Giovanni Astengo

Giovanni Astengo (1972) es poeta contemplativo, viajero por dentro, embarcado en una balandra, cuyo único mástil es la palabra ahondada con sensibilidad. Los versos propios son animados soliloquios a partir de sí y de otros autores, con quienes establece una continuidad vibrátil alimentada de admiración y desasosiego. Todos acogen consonancias y esquivez, especialmente de lo fugaz.

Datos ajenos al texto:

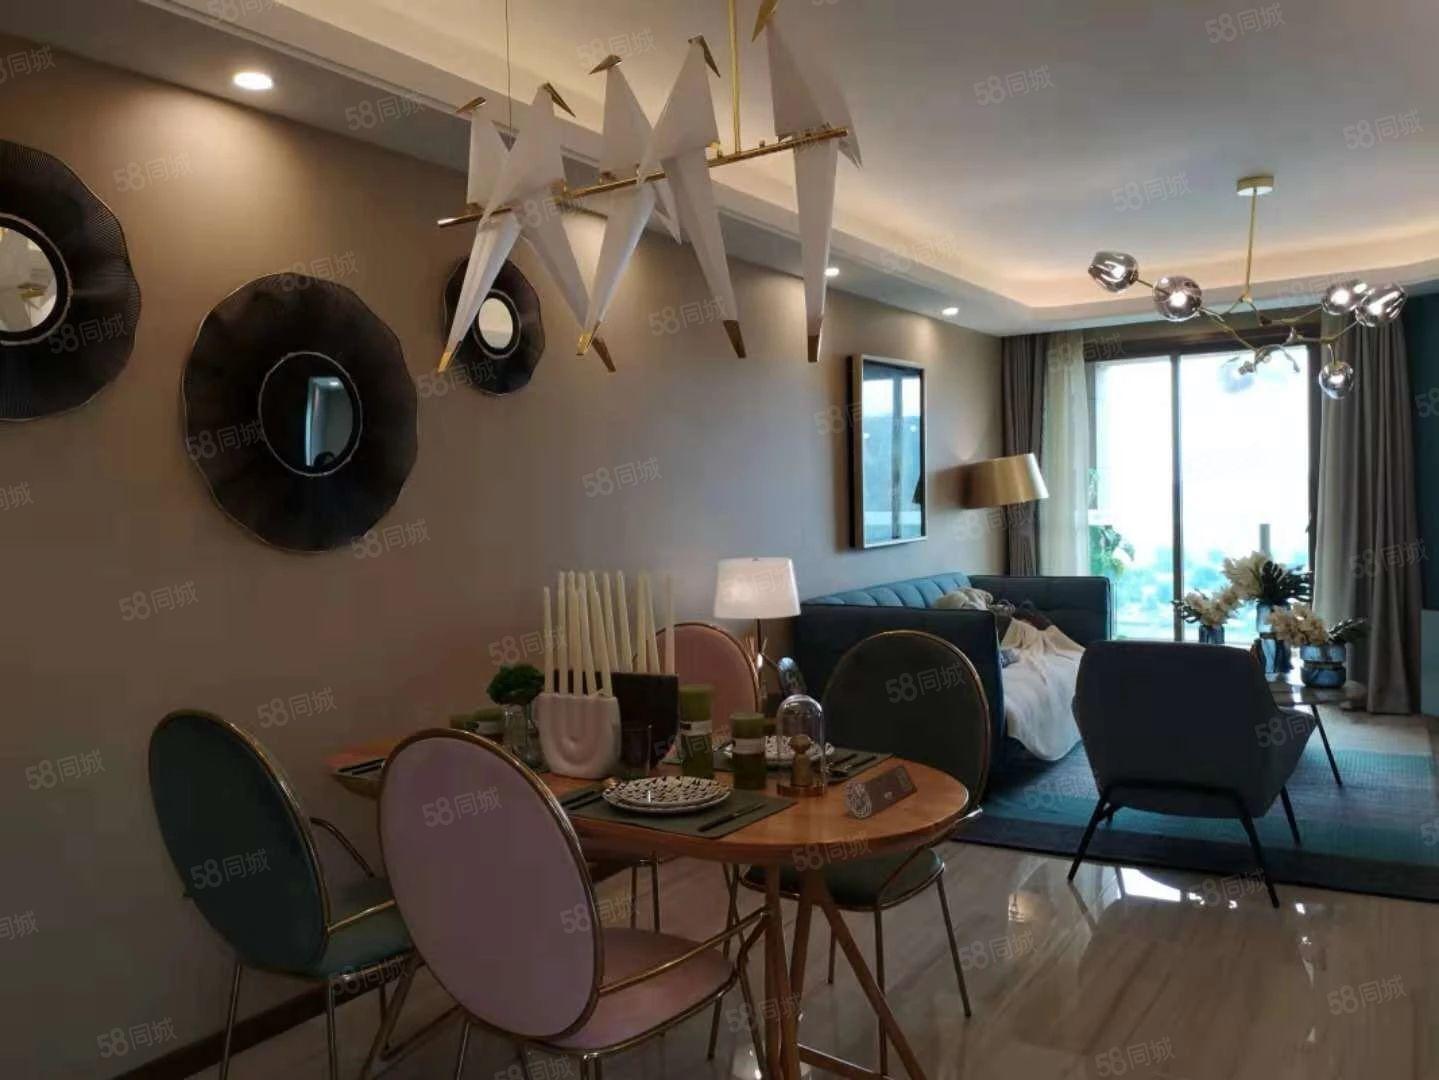 国家重点旅游项目澳门拉斯维加斯网址抚仙湖畔欢乐大世界精装修投资型海景住宅

El recuerdo de un episodio, de un sitio, de alguien, bástanle a manifestar el estado anímico con que percibe el mundo y acepta definirse en él: soledad que únicamente en la reminiscencia pareciera coincidir consigo y, desde ella, la solvencia de los poemas. Y éstos son clave, incisiones en el pecho del tiempo, mientras la simultaneidad y los contrastes de la existencia continúan, multiplican variaciones que se comprueban en el tono interno y navegante:
Estas islas no son sólo un nombre/ ni siquiera un poema escrito en una sala de costura/ En esta isla los viejos piratas desertan/ y los locos bailan en las colinas al ritmo del amanecer/ Mientras yo temo desaparecer/ en los espejos de estos bares de Chile. (Isla desertores)

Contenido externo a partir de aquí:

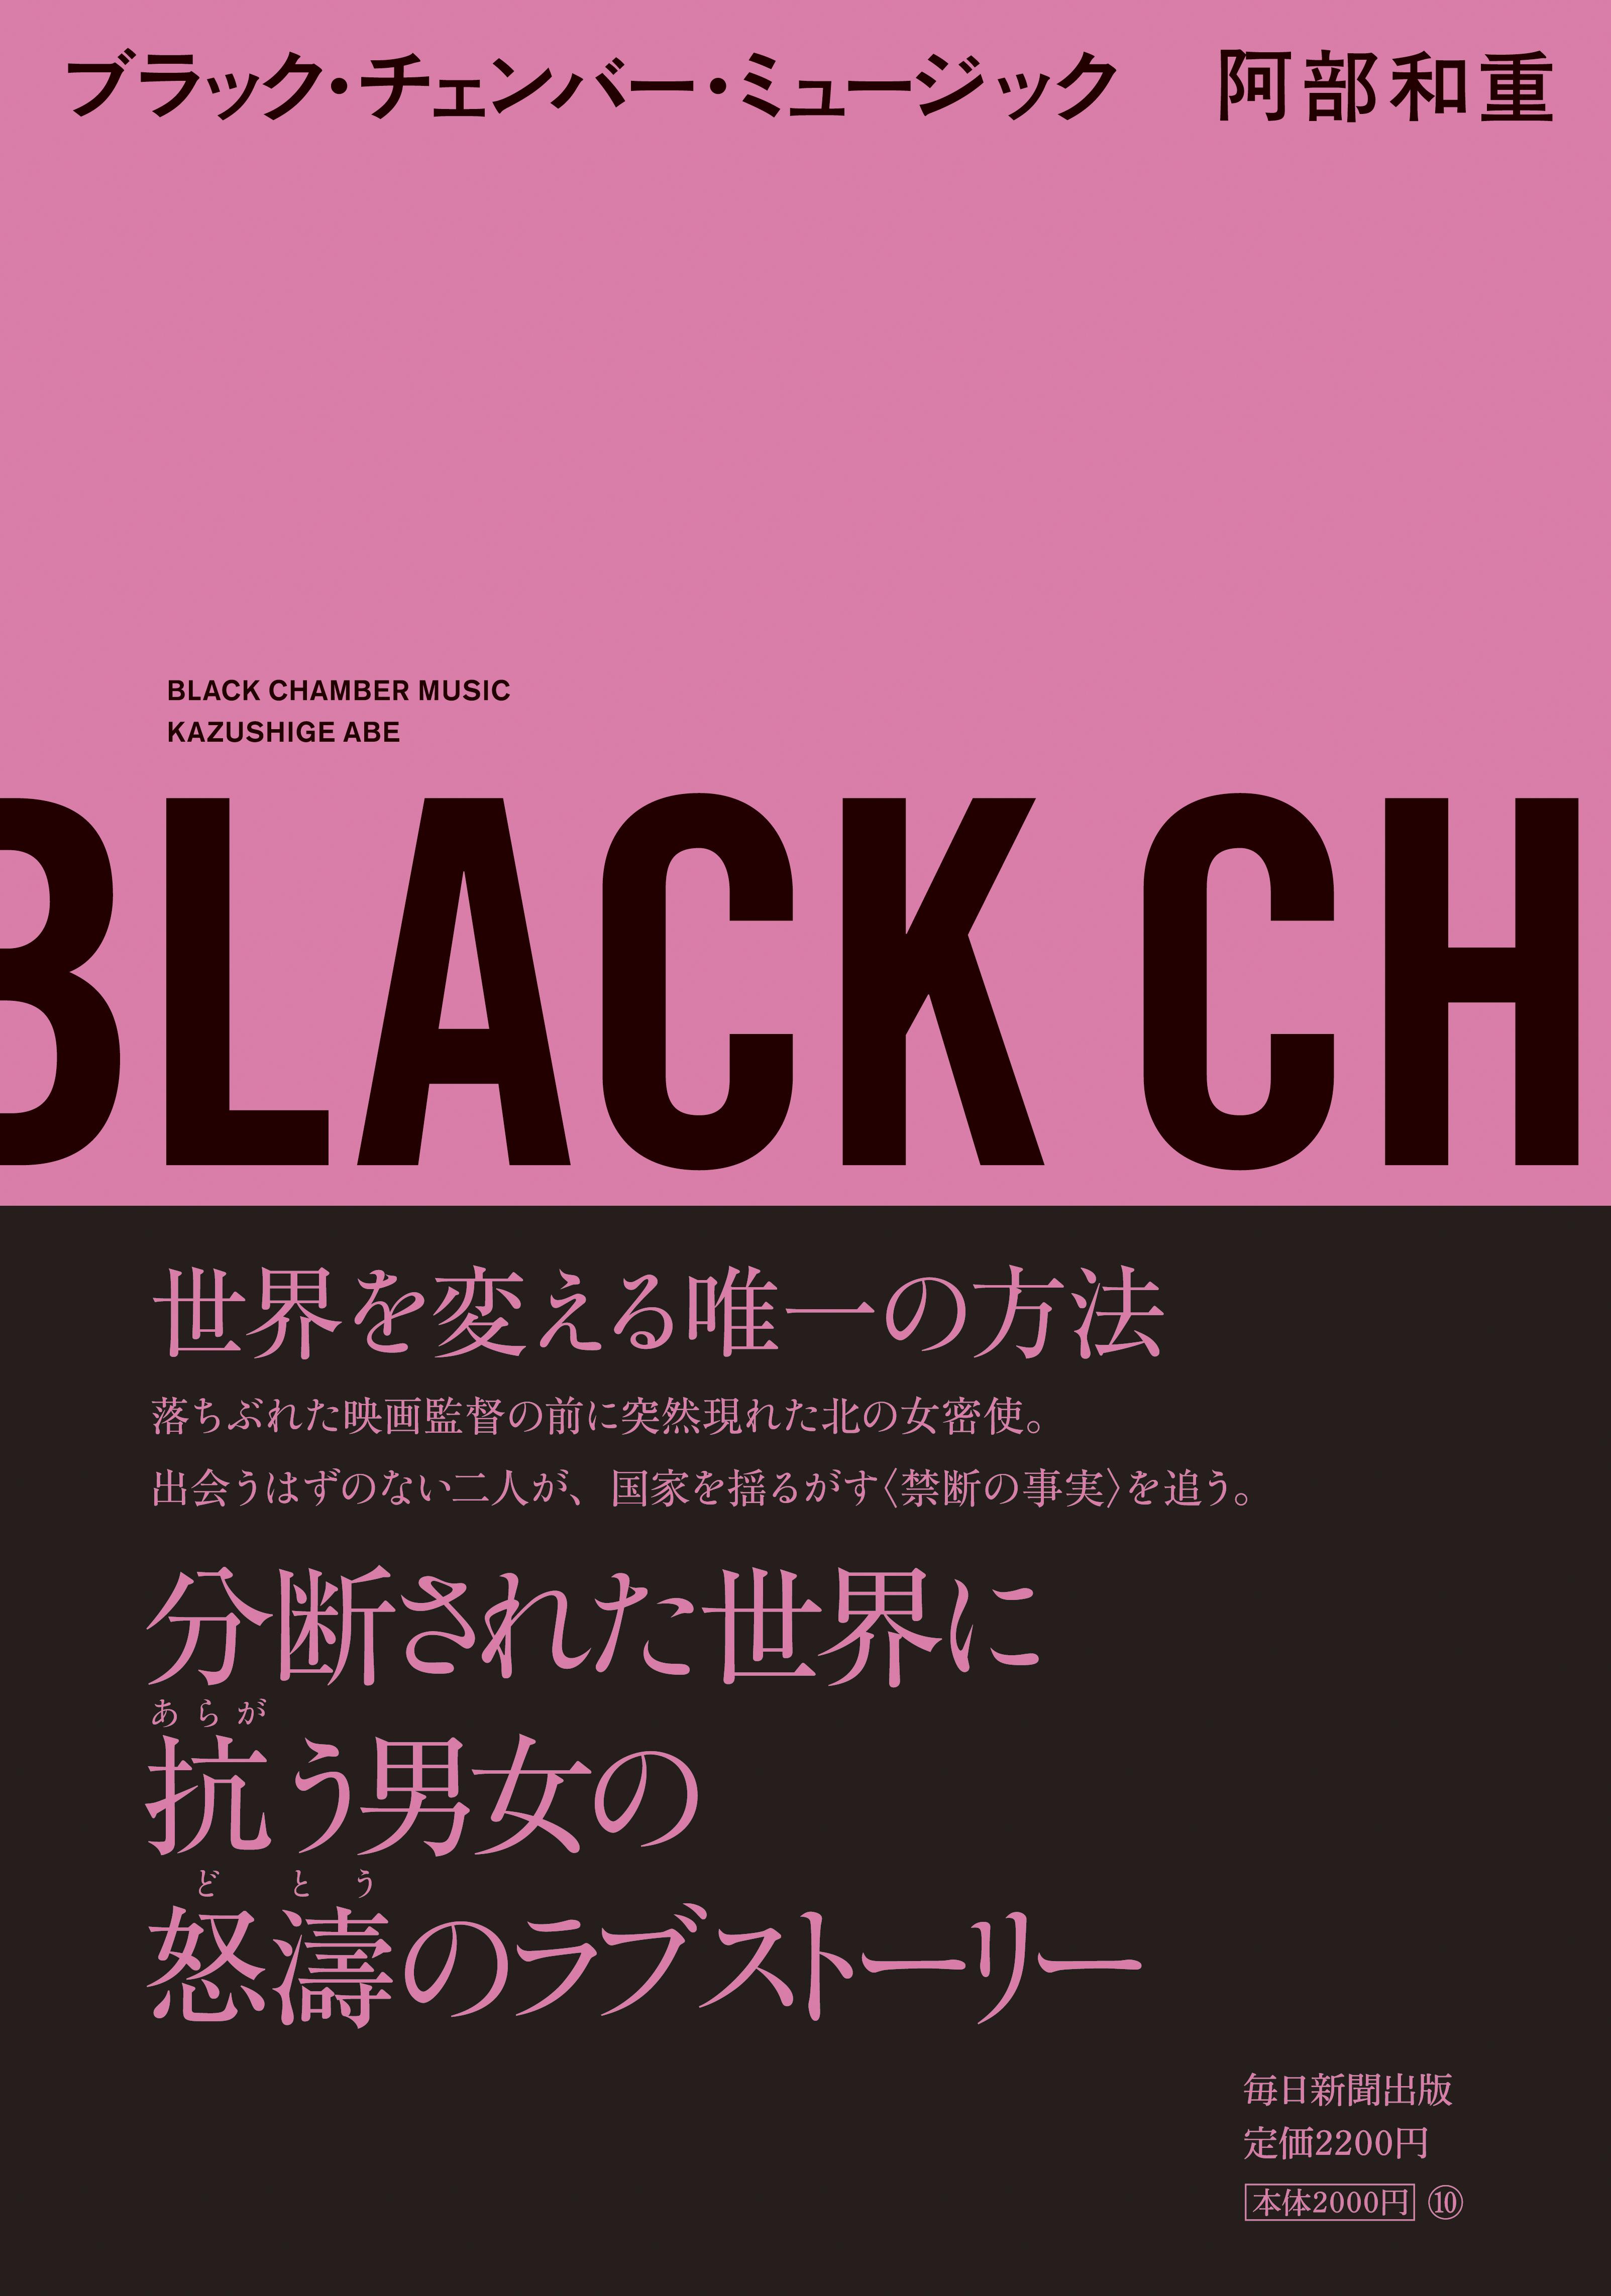 書影:ブラック・チェンバー・ミュージック

Tres espacios son distinguibles en la obra. El mar invita a esa travesía larga en el oleaje de la memoria y de los paradigmas emocionales; el territorio citadino con sus instalaciones revisitadas: Metro, bares, calles de coloquios y sorprendentes episodios de hallazgos que un libro, una pieza musical o el cine colaboran a ceñir momentos cuando algunos legaran un dicho, un gesto, una ausencia; el tercero—decisivo por demás– es la fragua interna del temblor poético. Es esta la encargada de acercar, en intensa escritura, la condensación de la conciencia que, en este libro, es evocar, sentir, comprobar, establecer vinculaciones y desbordar todo ello.

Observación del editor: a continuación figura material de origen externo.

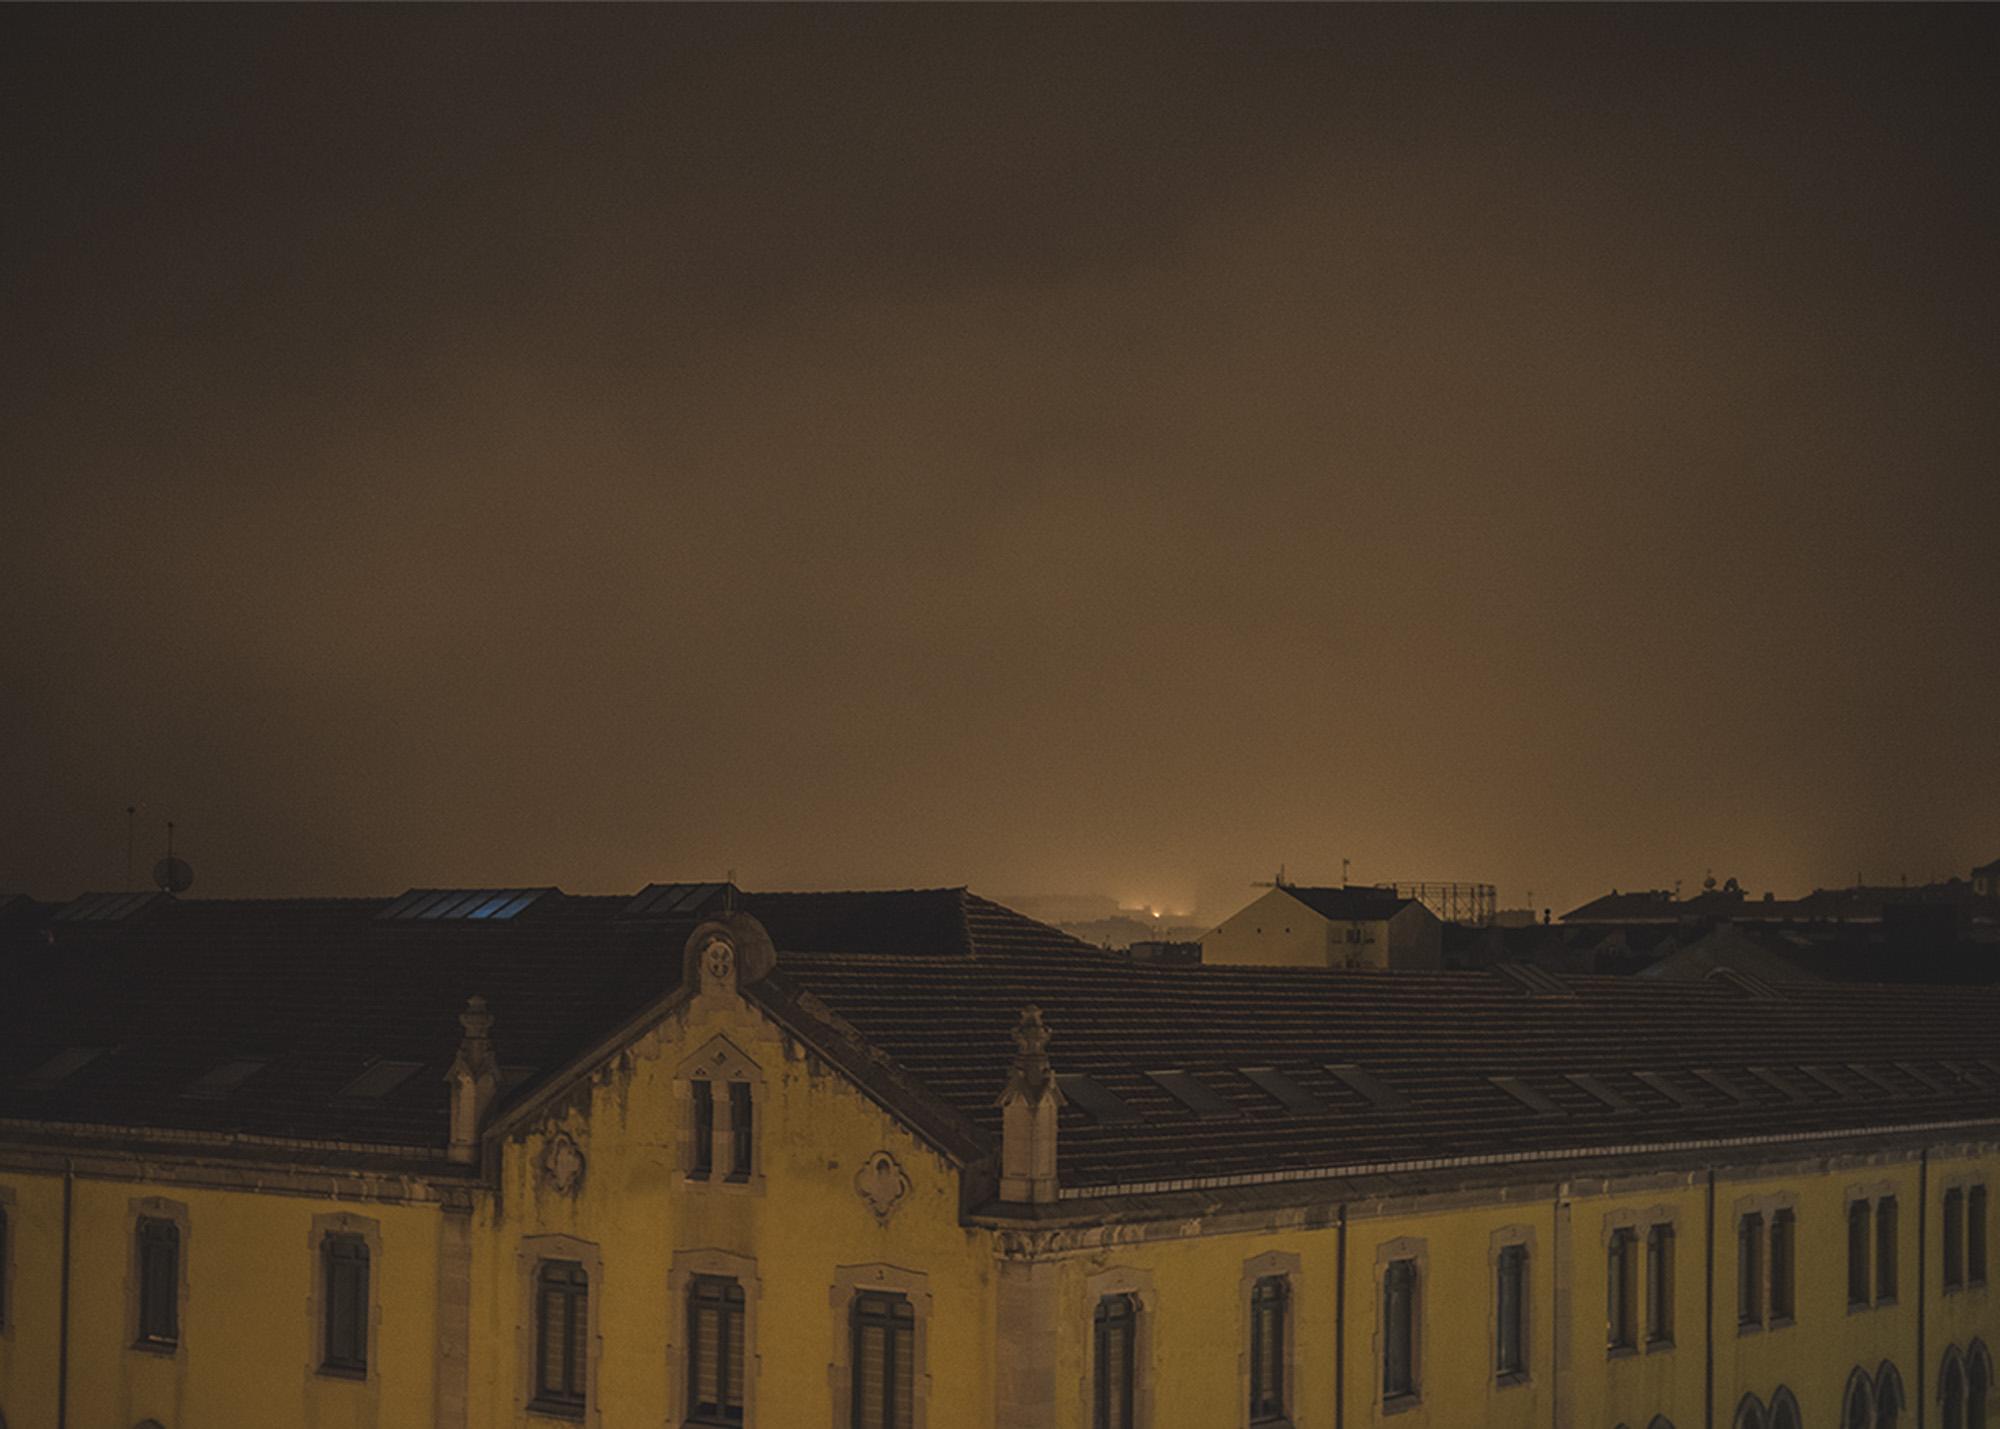 Oviedo, 5am

Al primer rayo del sol/ ya no estamos solos/ El milagro de una araña y un tulipán/ te dice que aún estás vivo y todo sigue en su lugar/ A primer rayo de sol/ rejuvenecen las hebras del tiempo/ y ya no estamos solos. (La araña y el tulipán)

Cierto, el poema es un espacio hasta donde convergen largos caminos, ásperas y plácidas topografías. En ese trecho de verso tras verso, en ese rito de escuchar la voz interior y de atesorar fragmentos de un gran manuscrito en desarrollo, muestran la existencia como un acontecer en penumbras, un enigma menesteroso de esclarecimiento. Un poeta como lo es Giovanni Astengo alcanza lo principal: el repertorio aludido o el reconocible–puntos de apoyo externo de sus textos– los convierte en resonancias y en propagación de emanaciones. Trasluces vibratorias.
Te amo en cada estación de Metro/ y en todas las playas/ No me gustan las señales de ruta/ aún así las sigo para encontrarte/ Te amo en cada parte/ porque cada parte es un universo en expansión.

Obra excelente. Que prosiga la travesía de esta balandra y de este poeta. “Y el ruiseñor de Keats que nunca dejará de cantar”.